The round was co-anchored by global investment platform Lightrock and venture investor TRIREC, with participation from Schneider Electric Energy Access Asia Fund.
ATC plans to deploy 200,000 Internet of Things (IoT)-enabled cookstoves over three years in Bangladesh, Cambodia, Malawi, and Nepal, potentially transforming one million lives, per the announcement.
The company said it has already distributed over 25,000 clean cooking appliances across developing nations and partners with organisations, including ENGIE, KliK Foundation, and myclimate.
ATEC’s eCook stoves use IoT sensors to measure energy usage and emission reductions at the household level, creating what the company calls “100% data-auditable” carbon credits.
This contrasts with traditional carbon projects that rely on estimates and projections.
“With this investment, ATEC will show that with the right carbon data backing up every individual credit, carbon projects in the Global South can deliver scale without a compromise on transparency and trust,” said Ben Jeffreys, CEO & co-founder of ATEC.

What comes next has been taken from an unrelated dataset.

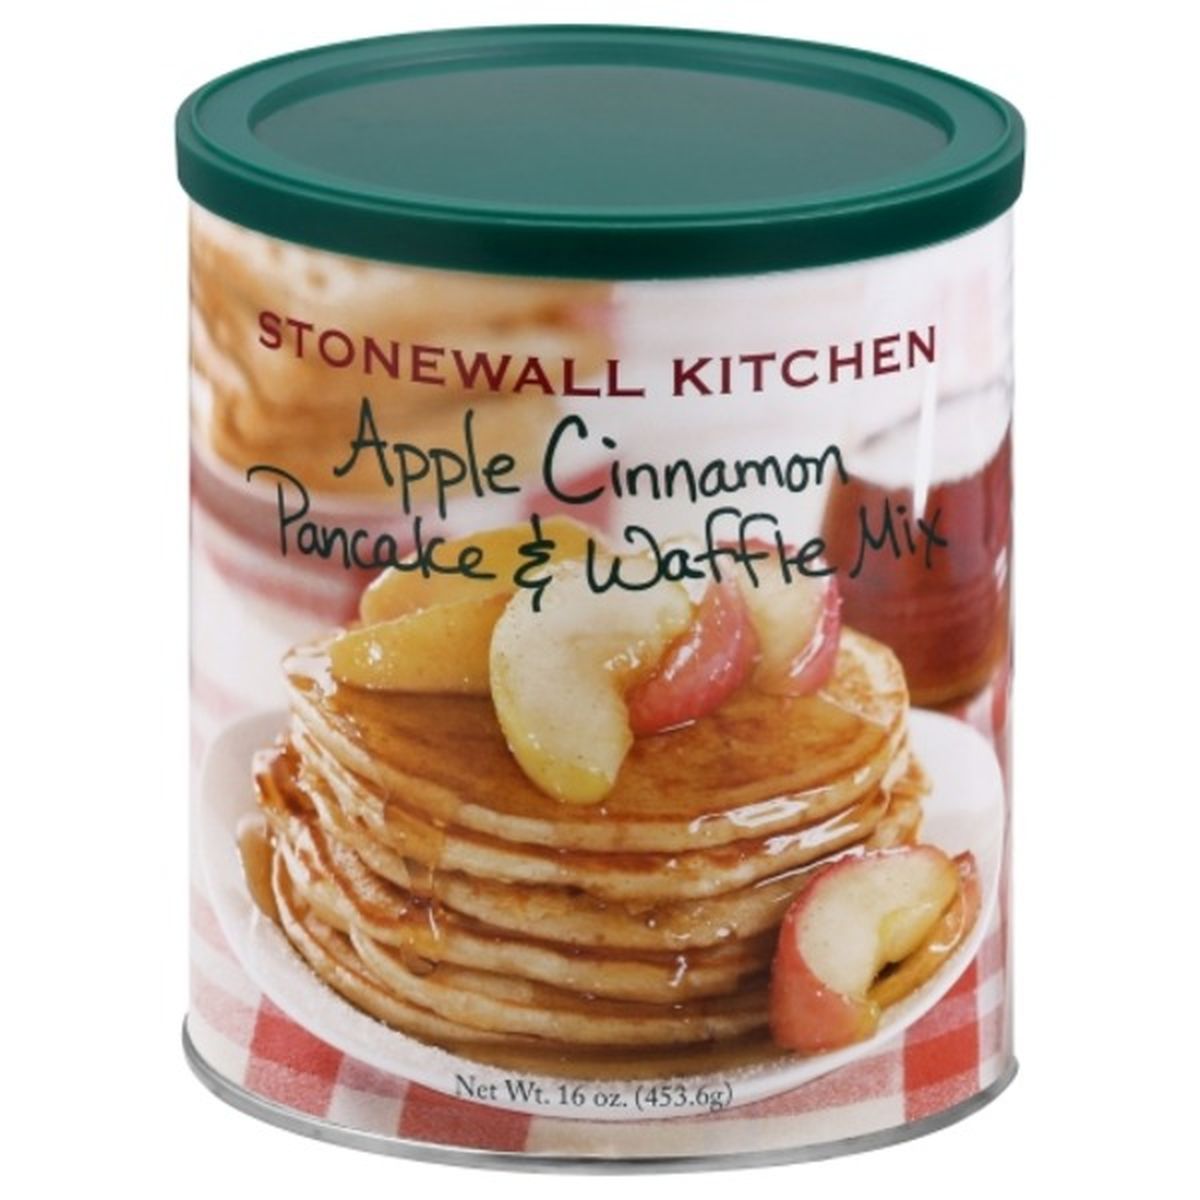 Calories in Stonewall Kitchen Pancake & Waffle Mix, Apple Cinnamon

Globally, one in three people still cook with wood, charcoal, or other polluting fuels, a practice that causes an estimated 3.2 million premature deaths annually, mostly among women and children, according to the World Health Organization.
Traditional cooking methods also generate about 1 gigaton of carbon-dioxide emissions each year, more than the global airline industry, ATEC said.
“Every family deserves a kitchen free from smoke that damages lungs, shortens lives, and keeps people in poverty,” Jeffreys said.
Founded in Cambodia in 2016, ATEC operates in 10 countries across Asia and Africa. The company developed the world’s first pay-as-you-go enabled cookstove in 2018, followed by its IoT-enabled smart stove in 2020.